(Recorded data)

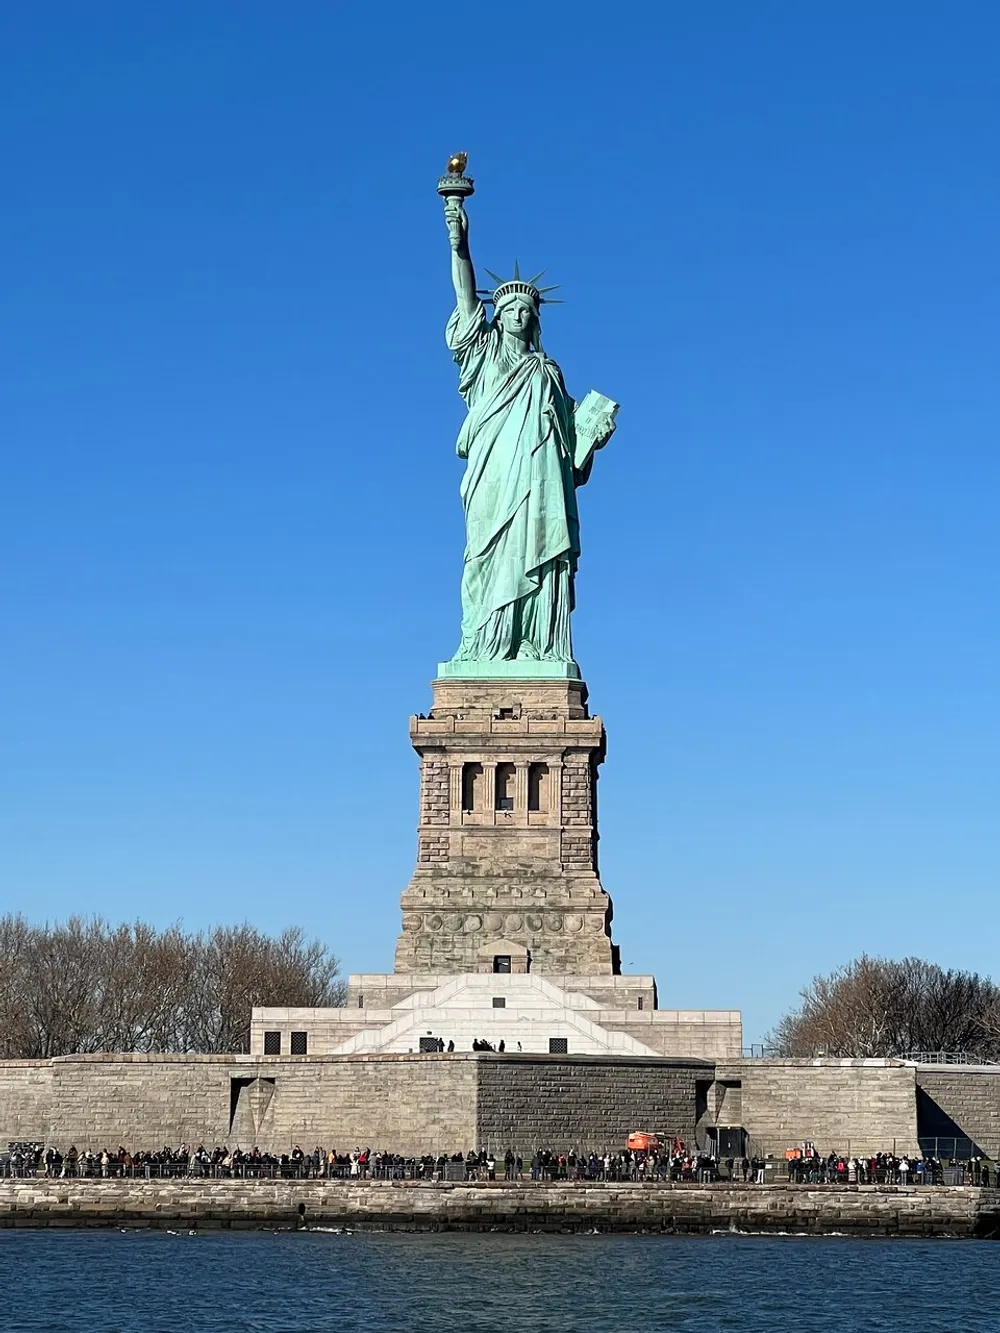 The Statue of Liberty stands tall against a clear blue sky as visitors gather around its pedestal on Liberty Island
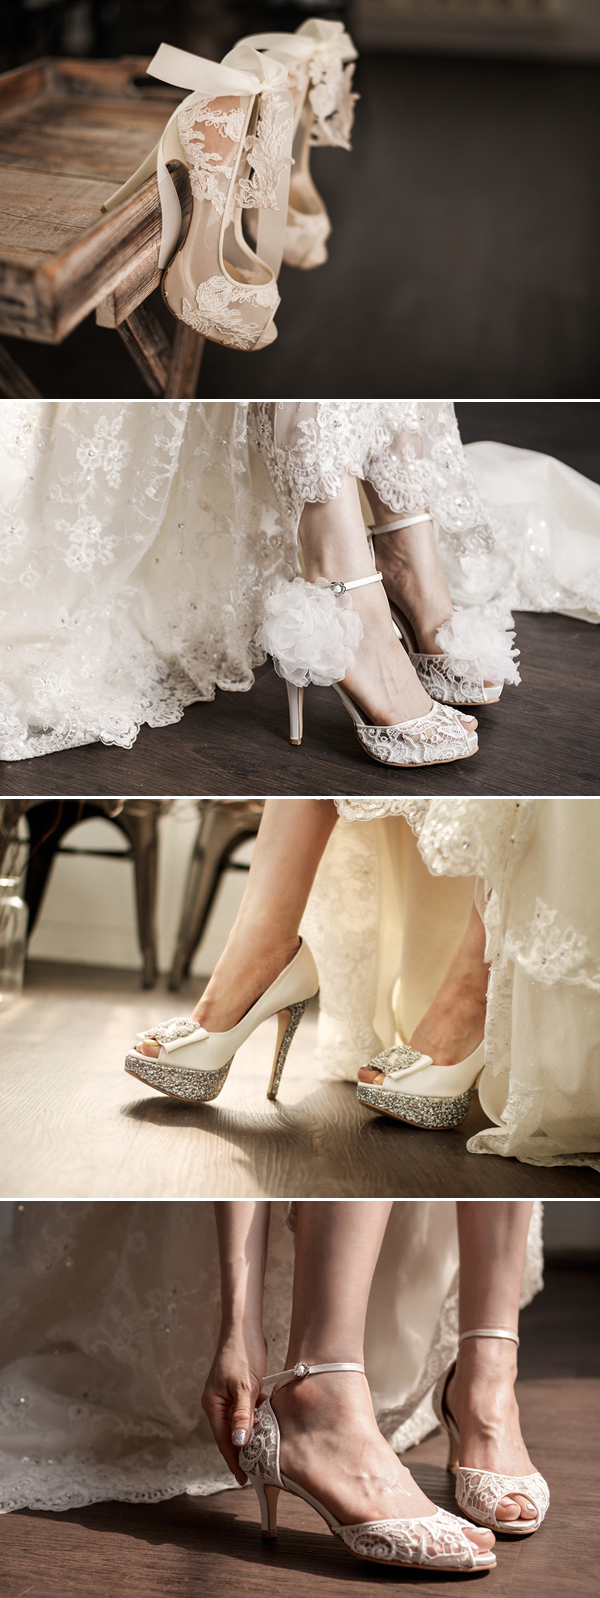 Top 7 Bands Affordable Wedding Shoes You Will Love! - Deer Pearl Flowers
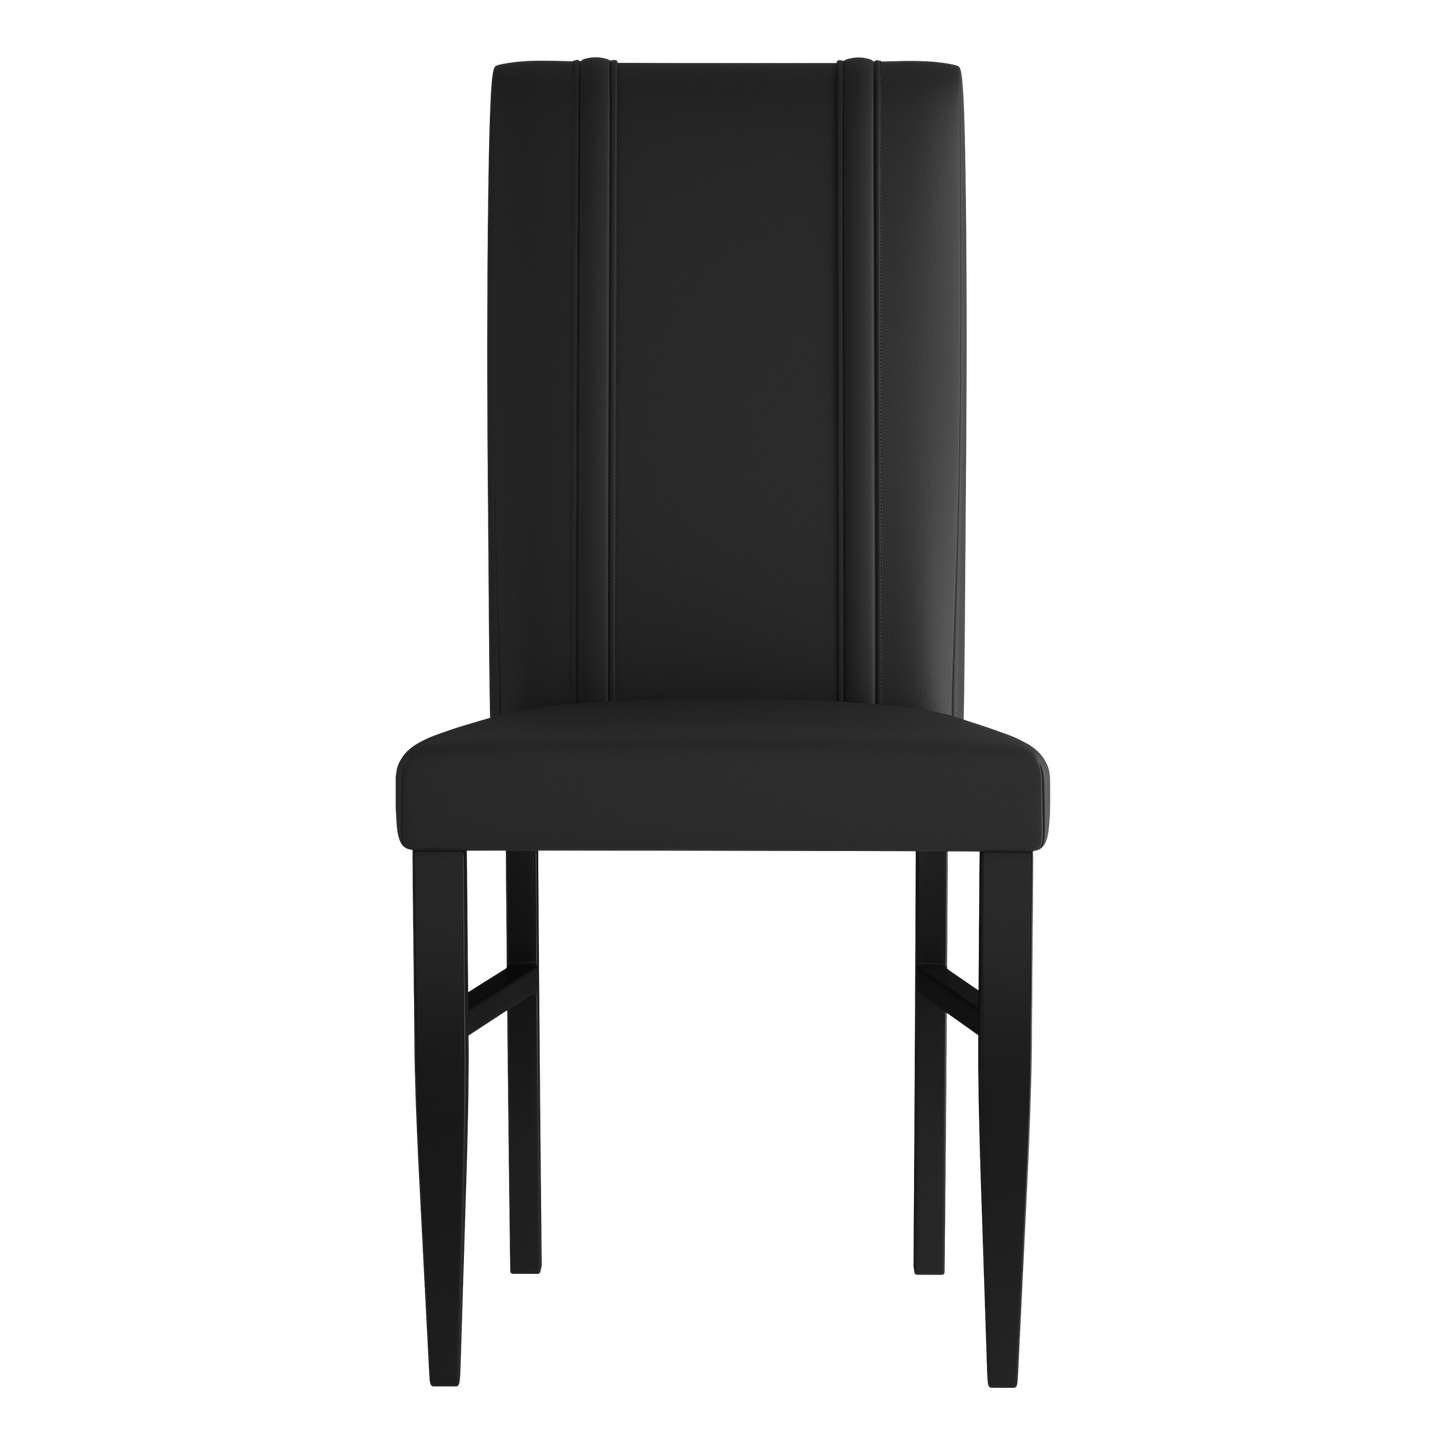 Side Chair 2000 with  Cincinnati Bengals Secondary Logo Set of 2

(End Recorded data)

### Task details
Retype the whole listing. Keep every word exact but include no pictures.

### Answer for this exercise
 The Statue of Liberty stands tall against a clear blue sky as visitors gather around its pedestal on Liberty Island
 Top 7 Bands Affordable Wedding Shoes You Will Love! - Deer Pearl Flowers
 Side Chair 2000 with  Cincinnati Bengals Secondary Logo Set of 2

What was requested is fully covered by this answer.